Exercise goal ->
Without any of the pictures, set down the data below exactly.

Supplied material ->
━━━━━━━━━━━━━━━━

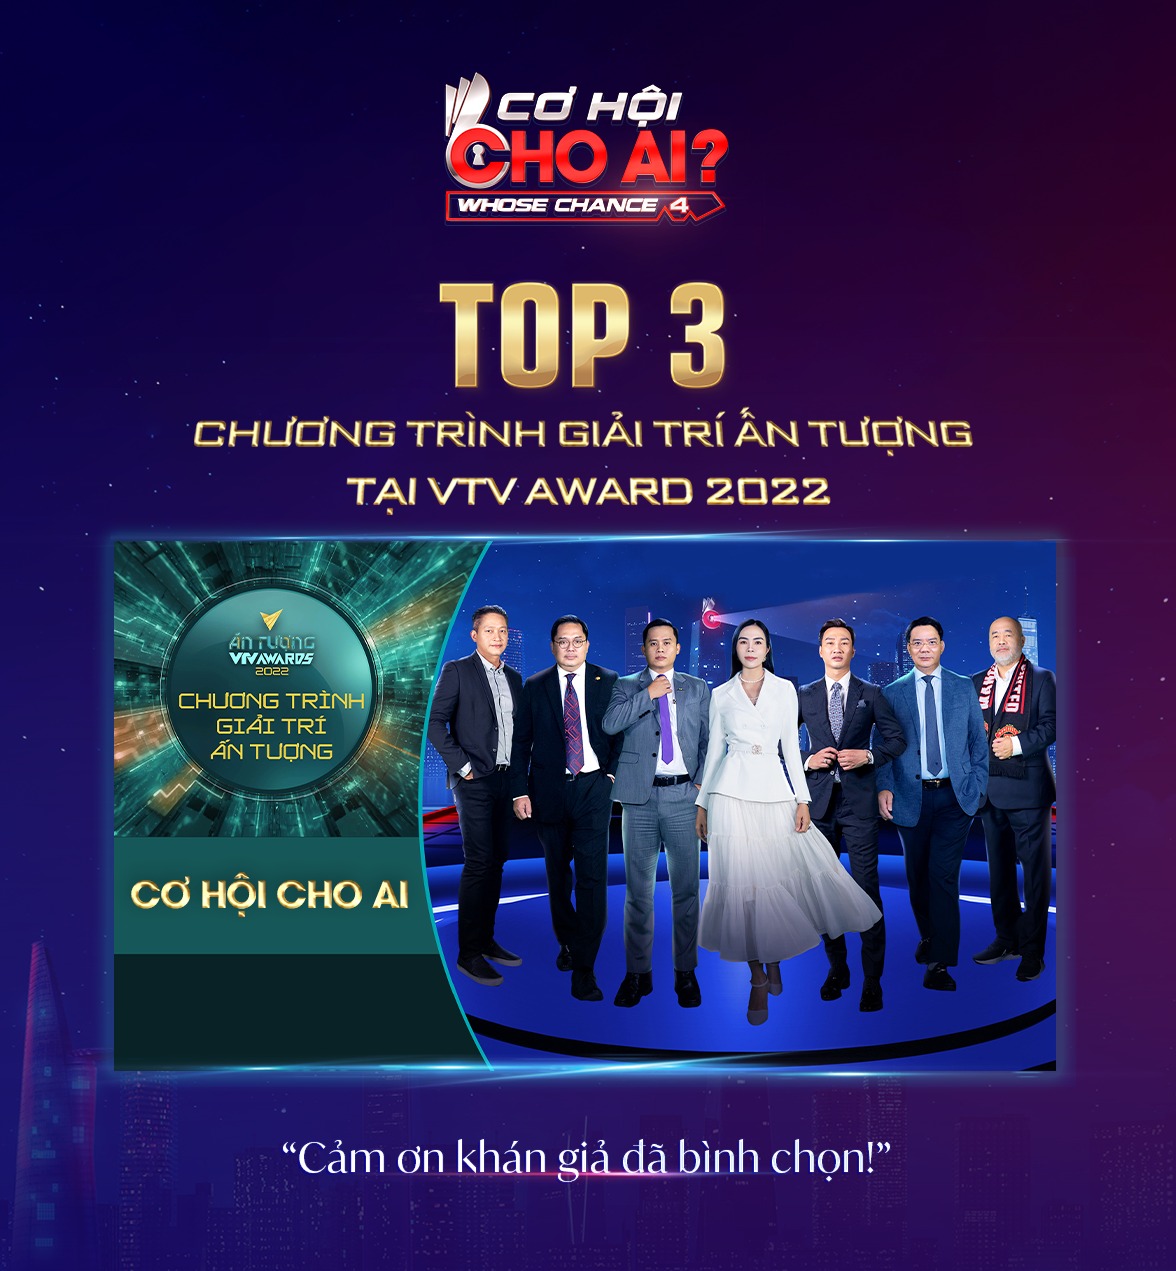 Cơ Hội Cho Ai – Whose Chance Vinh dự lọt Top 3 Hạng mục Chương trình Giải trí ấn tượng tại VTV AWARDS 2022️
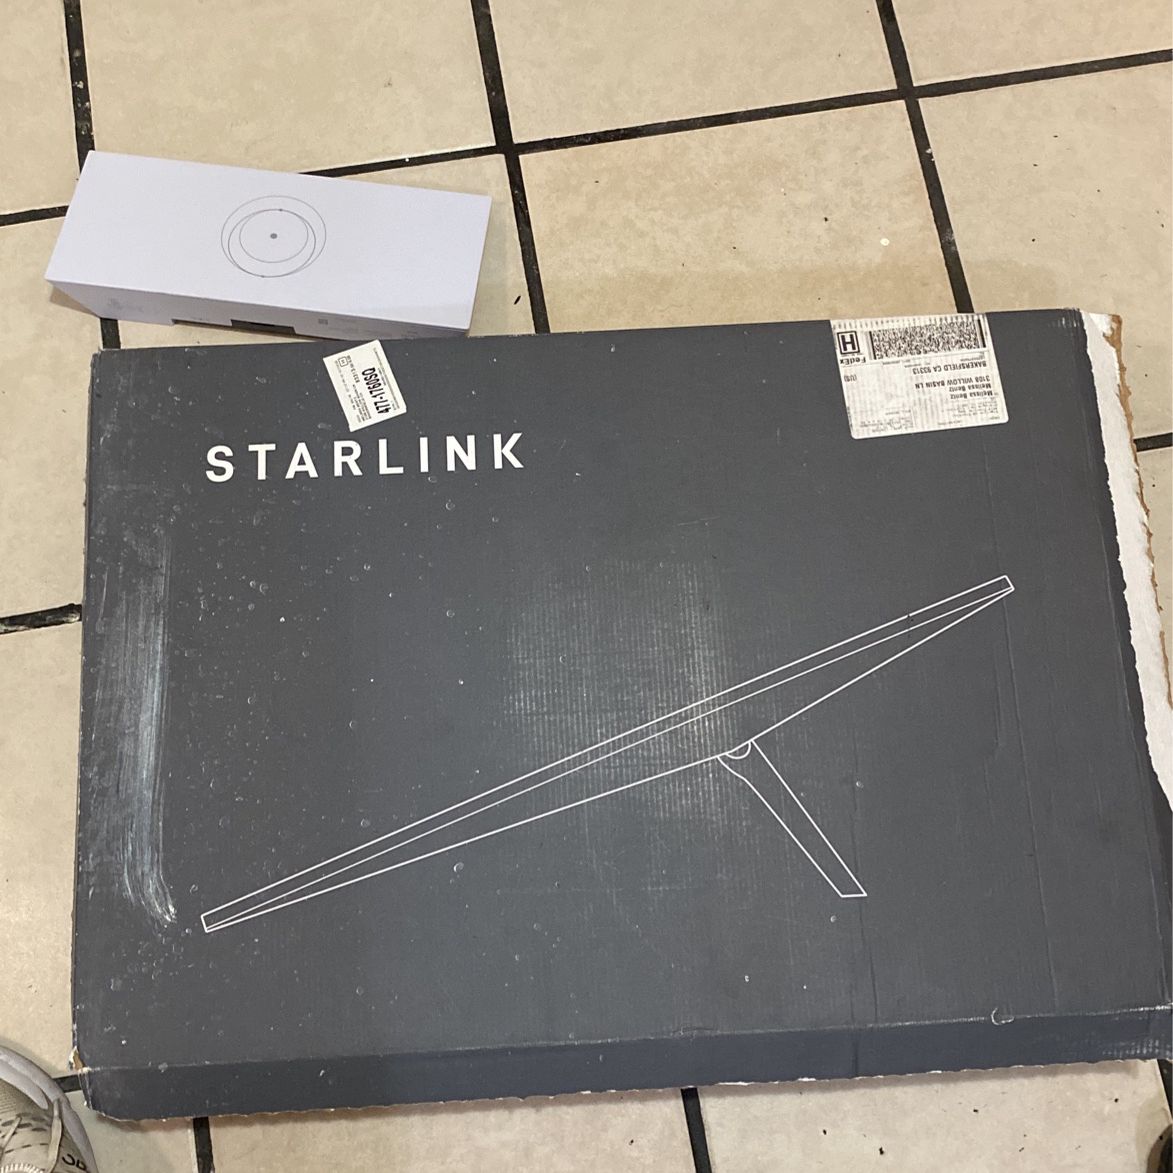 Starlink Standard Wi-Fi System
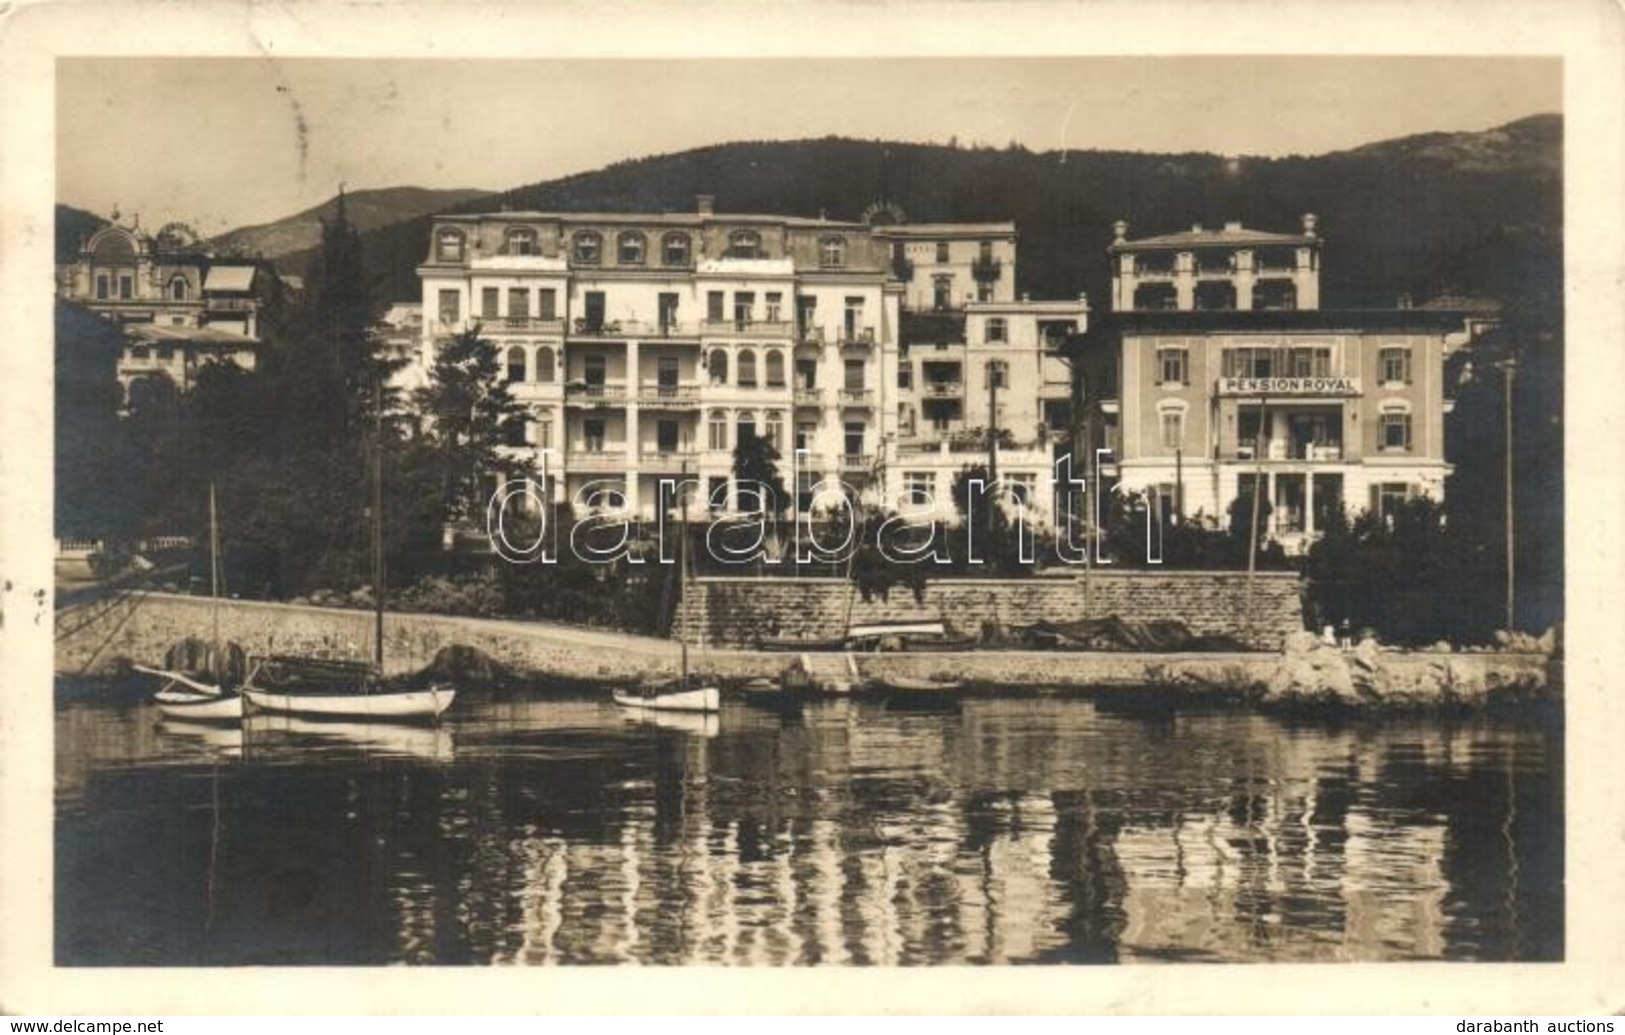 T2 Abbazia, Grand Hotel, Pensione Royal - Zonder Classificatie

━━━━━━━━━━━━━━━━

Answer space ->
 Cơ Hội Cho Ai – Whose Chance Vinh dự lọt Top 3 Hạng mục Chương trình Giải trí ấn tượng tại VTV AWARDS 2022️
 Starlink Standard Wi-Fi System
 T2 Abbazia, Grand Hotel, Pensione Royal - Zonder Classificatie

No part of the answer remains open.